The diagnosis makes diabetes a reality for you. With diabetes, experiencing hypoglycemia is usually a risk. Because you’re a diabetic, you must be extra cautious when it comes to what you eat…and how much you exercise. Is there a way to make exercise a regular part of your life without giving hypoglycemia an equally permanent status in your life as well?

Read on and find the answer to that question as well as more valuable information about hypoglycemia and exercise.

Can Exercise Cause Hypoglycemia? YES, but not all the time.

When you exercise for an unusually long time, and you neglect replenishing your glucose production by eating, you’re making yourself increasingly vulnerable to hypoglycemia.

Can You Still Exercise If You Have Diabetes and Hypoglycemia?

Fortunately, we can give you another YES for this question. As long as you observe proper precautions, there’s no reason for you to give up exercising completely.

Firstly, always check your blood glucose. Don’t be lazy about this. Knowing your blood glucose count will help you more accurately estimate just how many minutes you can exercise continuously before you have to eat once more. Your doctor will inform you at what particular level is it considered safe for you to exercise.
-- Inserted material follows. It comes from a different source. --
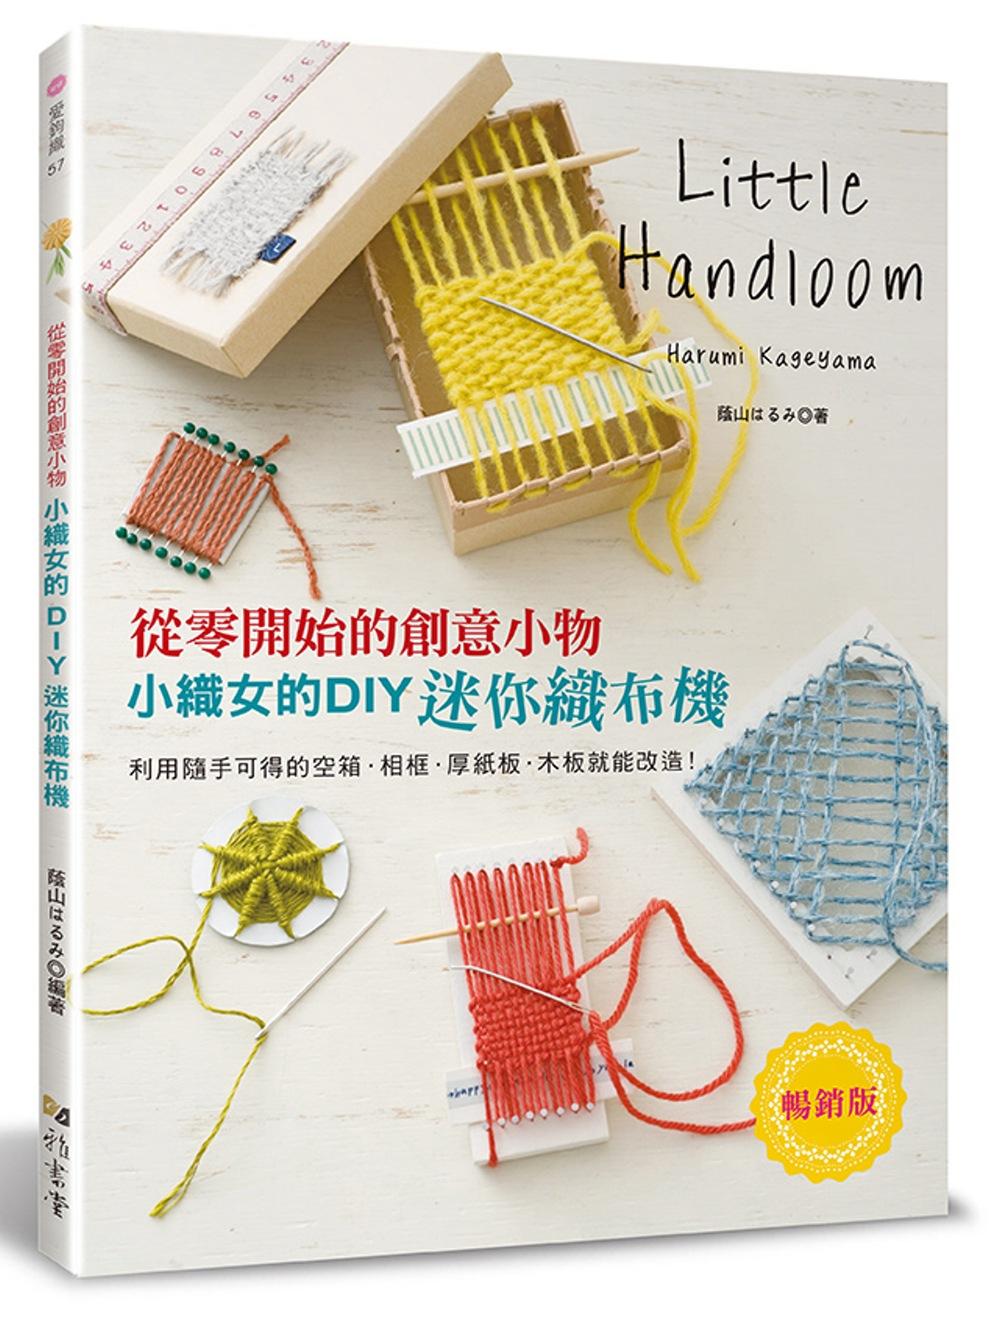 小織女的DIY迷你織布機:從零...

If you find out that your glucose level is too high or low, refrain from exercise for the time being. Eat more or less until your glucose level goes back to normal.

Always have little protein snacks with you to ensure that there’s food to grab during emergencies – and yes, hypoglycemia is one of those emergencies.

Avoid exercising in places or settings that have temperatures at the extreme. It can either be too hot or too cold. Both are not beneficial for your health. In such temperatures, your body is unable to absorb insulin properly – and that’s bad news for diabetics, as all of you may already know.

How Will I Know If I’m at Risk of Having Hypoglycemia?

Hypoglycemia’s a silent killer; the symptoms appear gradually, so one moment, you’re feeling great at the treadmill, but the next moment, you’re gasping for a sugar rush. That’s the bad news.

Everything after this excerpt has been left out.